- **DATA TO USE**:
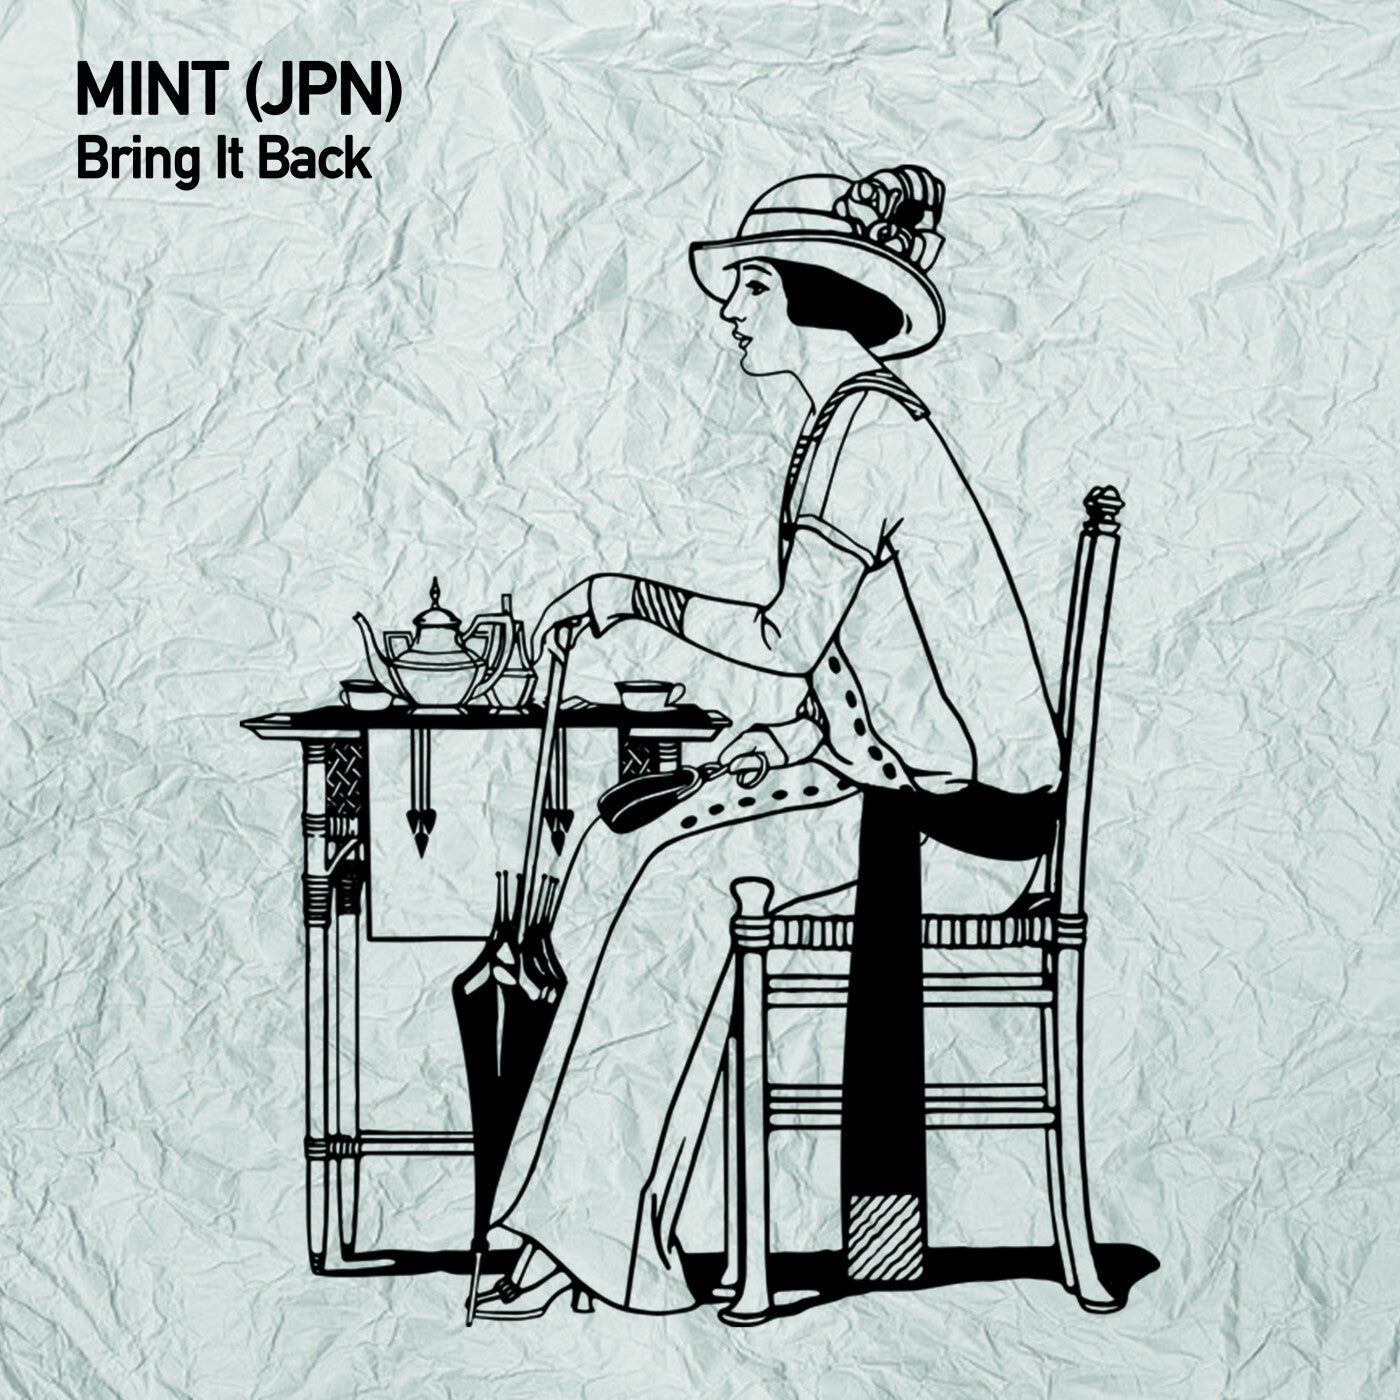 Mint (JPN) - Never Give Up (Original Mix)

==

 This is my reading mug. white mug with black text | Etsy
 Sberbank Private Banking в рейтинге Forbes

- **WHAT TO PRODUCE**:
Each line in the listing above from the one containing "This is my reading" through the one containing "Sberbank Private Banking в рейтинге Forbes" should be repeated exactly, and no other line.

- **TASK ANSWER**:
 This is my reading mug. white mug with black text | Etsy
 Sberbank Private Banking в рейтинге Forbes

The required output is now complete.